I was wondering if it might be possible to generate correlated random binomial variables following a linear transformation approach?

Below, I tried something simple in R and it produces some correlation. But I was wondering if there is a principled way to do this?

X1 = rbinom(1e4, 6, .5) ; X2 = rbinom(1e4, 6, .5) ;  X3 = rbinom(1e4, 6, .5) ; a = .5

Y1 = X1 + (a*X2) ; Y2 = X2 + (a*X3) ## Y1 and Y2 are supposed to be correlated

cor(Y1, Y2)

Best Answer

Binomial variables are usually created by summing independent Bernoulli variables. Let's see whether we can start with a pair of correlated Bernoulli variables $(X,Y)$ and do the same thing.
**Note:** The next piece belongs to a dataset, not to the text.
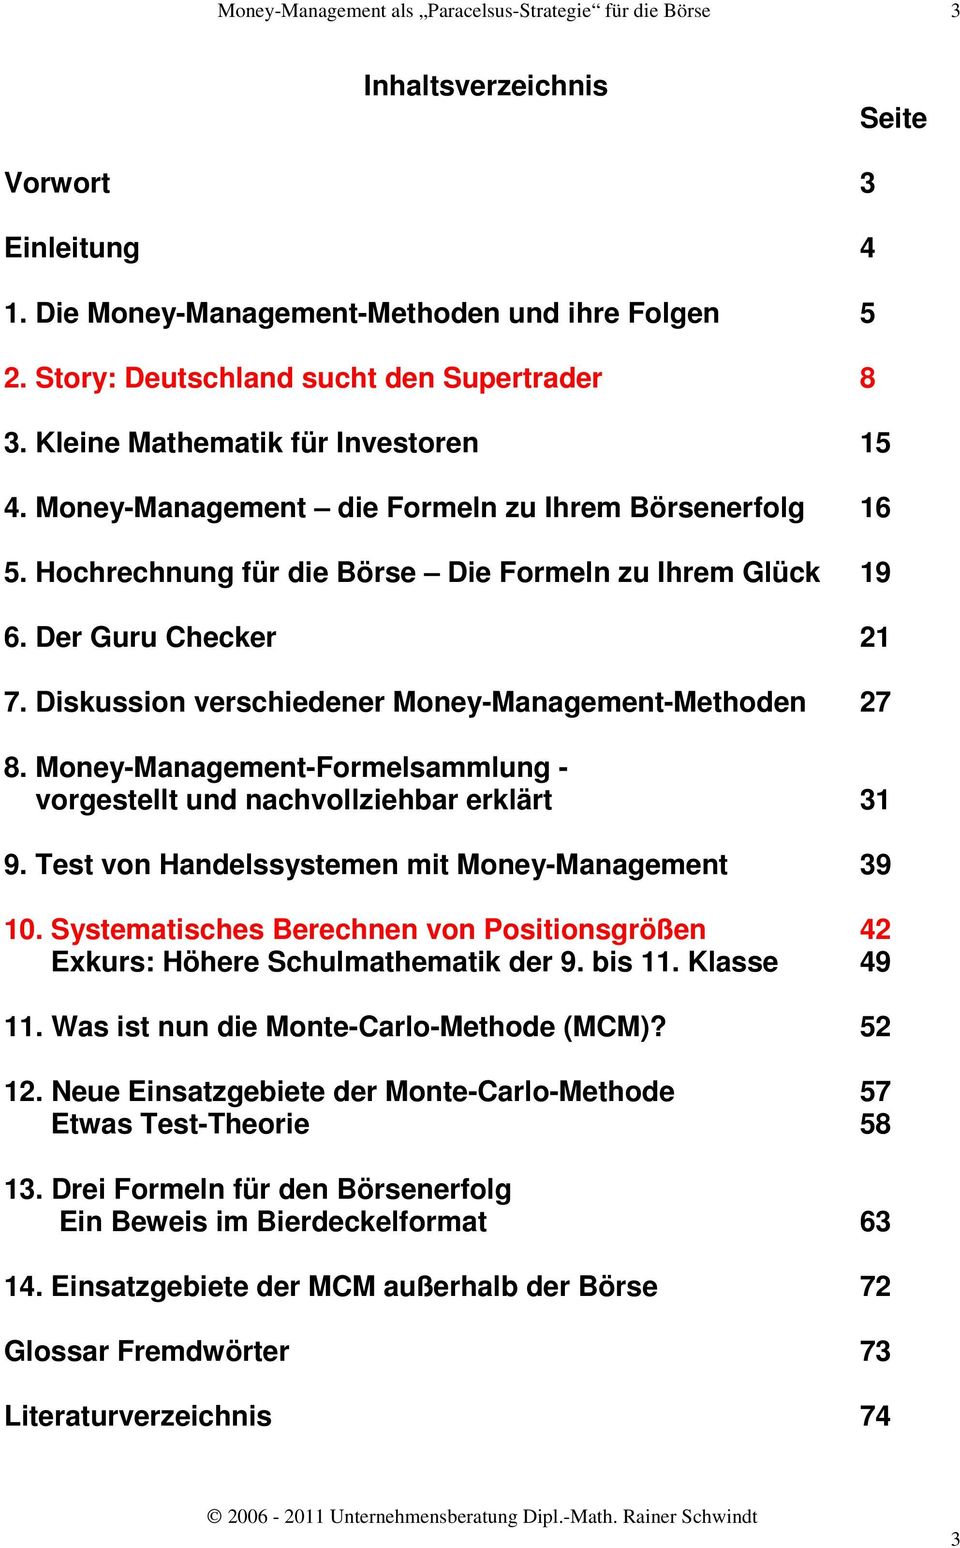 Money-Management-Formelsammlung - vorgestellt und nachvollziehbar erklärt 31 9. Test von Handelssystemen mit Money-Management 39 10.

Suppose $X$ is a Bernoulli$(p)$ variable (that is, $\Pr(X=1)=p$ and $\Pr(X=0)=1-p$) and $Y$ is a Bernoulli$(q)$ variable. To pin down their joint distribution we need to specify all four combinations of outcomes. Writing $$\Pr((X,Y)=(0,0))=a,$$ we can readily figure out the rest from the axioms of probability: $$\Pr((X,Y)=(1,0))=1-q-a, \\\Pr((X,Y)=(0,1))=1-p-a, \\\Pr((X,Y)=(1,1))=a+p+q-1.$$

Plugging this into the formula for the correlation coefficient $\rho$ and solving gives $$a = (1-p)(1-q) + \rho\sqrt{{pq}{(1-p)(1-q)}}.\tag{1}$$

Provided all four probabilities are non-negative, this will give a valid joint distribution--and this solution parameterizes all bivariate Bernoulli distributions. (When $p=q$, there is a solution for all mathematically meaningful correlations between $-1$ and $1$.) When we sum $n$ of these variables, the correlation remains the same--but now the marginal distributions are Binomial$(n,p)$ and Binomial$(n,q)$, as desired.

Example

Let $n=10$, $p=1/3$, $q=3/4$, and we would like the correlation to be $\rho=-4/5$. The solution to $(1)$ is $a=0.00336735$ (and the other probabilities are around $0.247$, $0.663$, and $0.087$). Here is a plot of $1000$ realizations from the joint distribution:

Scatterplot

The red lines indicate the means of the sample and the dotted line is the regression line. They are all close to their intended values. The points have been randomly jittered in this image to resolve the overlaps: after all, Binomial distributions only produce integral values, so there will be a great amount of overplotting.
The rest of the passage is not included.